An analytical solution for the posterior $$p(w|D)$$ in neural networks is untractable. We therefore have to approximate the true posterior with a variational distribution $$q(w|θ)$$ of known functional form whose parameters we want to estimate.\
\
What this means is that here we want to lean a probability distribution for the weight the w instead of a point value. But learning an actual ditribution is difficult, so now we approximate it with existing any distributions such as gaussian, etc. Where these distributions can be defined using some parameters $$\theta$$ .&#x20;

This can be done by minimizing the [Kullback-Leibler divergence](https://en.wikipedia.org/wiki/Kullback%E2%80%93Leibler_divergence) between $$q(w|θ)$$ and the true posterior $$p(w|D)$$ w\.r.t. to ***θ***. It can be shown that the corresponding optimization objective or cost function can be written as

$$
F(D,\theta) = KL(q(w|\theta)||p(w|D)) = KL(q(w|\theta)||p(w)) - E\_{q(w|\theta)}\log p(D|w)
$$

This loss function is called is variational free energy. First term is called complexity cost and the secong term is the expeted value of the liklihood w\.r.t. the variational distribution and is called the liklihood cost. Also:

$$
F(D,\theta) =  E\_{q(w|\theta)}\log q(w|\theta) - E\_{q(w|\theta)}\log p(w)- E\_{q(w|\theta)}\log p(D|w)
$$

We see that all three terms in equation above are expectations w\.r.t. the variational distribution $$q(w|θ)$$ . The cost function can therefore be approximated by drawing [Monte Carlo](https://en.wikipedia.org/wiki/Monte_Carlo_method) samples $$w^i$$ from q(w|θ).
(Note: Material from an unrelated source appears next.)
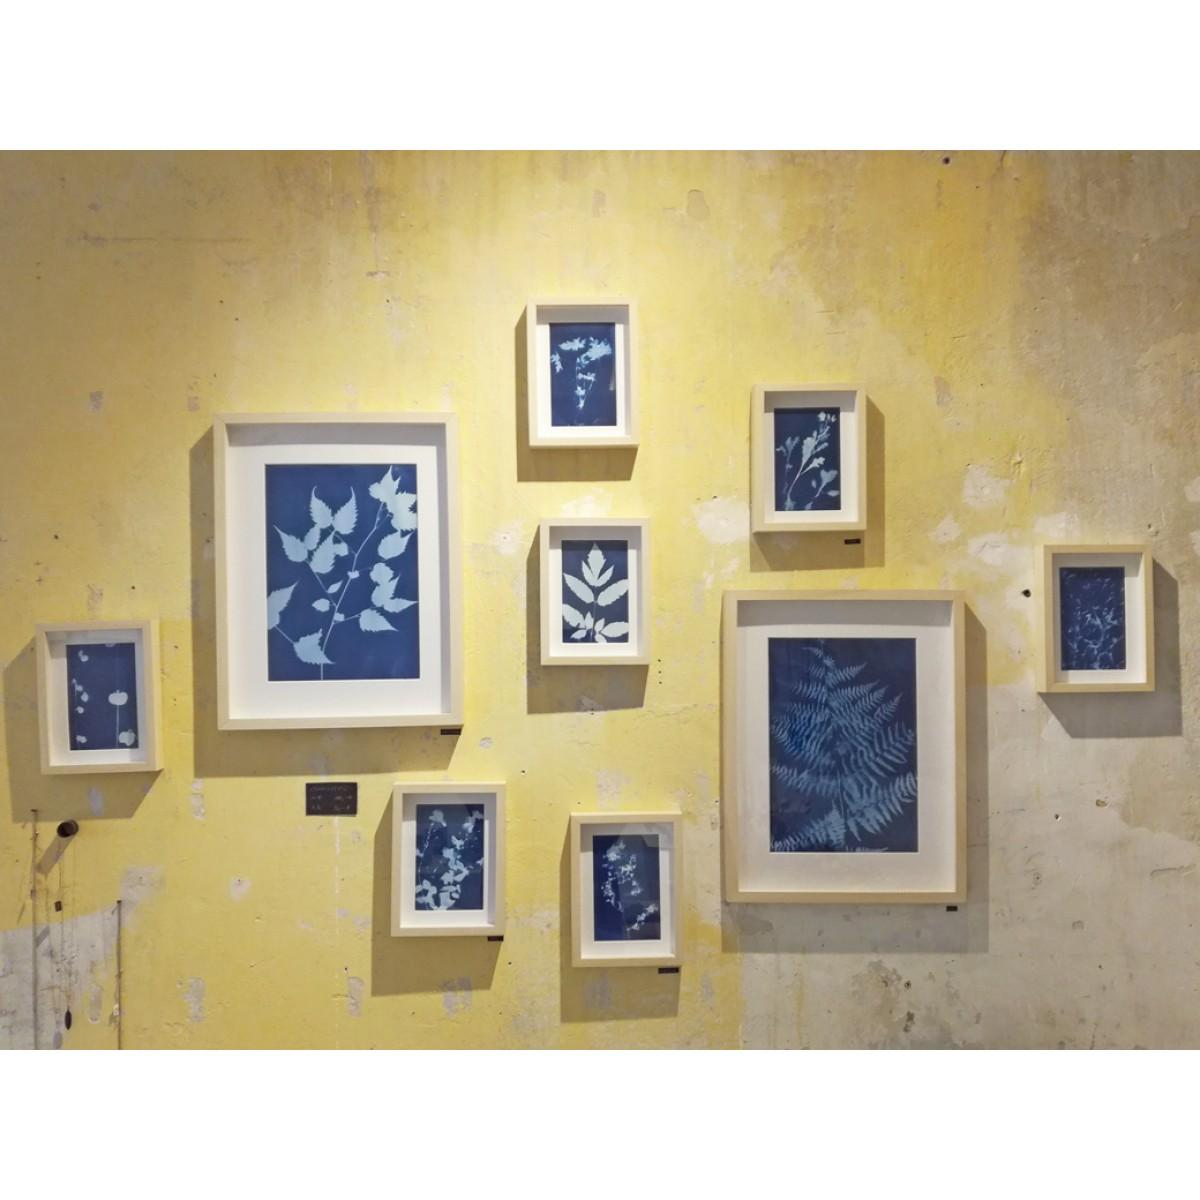 Anka Büchler, Konifere, Blaudruck, Cyanotypie, Unikat, DIN A6, Motiv 6

For example, we’ll use a Gaussian distribution for the variational posterior, parameterized by $$θ=(μ,σ)$$ where μ is the mean vector of the distribution and σ the standard deviation vector. The elements of $$σ$$ are the elements of a diagonal covariance matrix which means that weights are assumed to be uncorrelated. Instead of parameterizing the neural network with weights $$w$$ directly we parameterize it with $$μ$$ and $$σ$$ and therefore double the number of parameters compared to a plain neural network.

### Resources

* <https://dasayan05.github.io/blog-tut/2019/11/20/inference-in-pgm.html>\
  Describes using varitional inference with latent variables, graphical models, etc. Good for understanding


---

# Agent Instructions: Querying This Documentation

If you need additional information that is not directly available in this page, you can query the documentation dynamically by asking a question.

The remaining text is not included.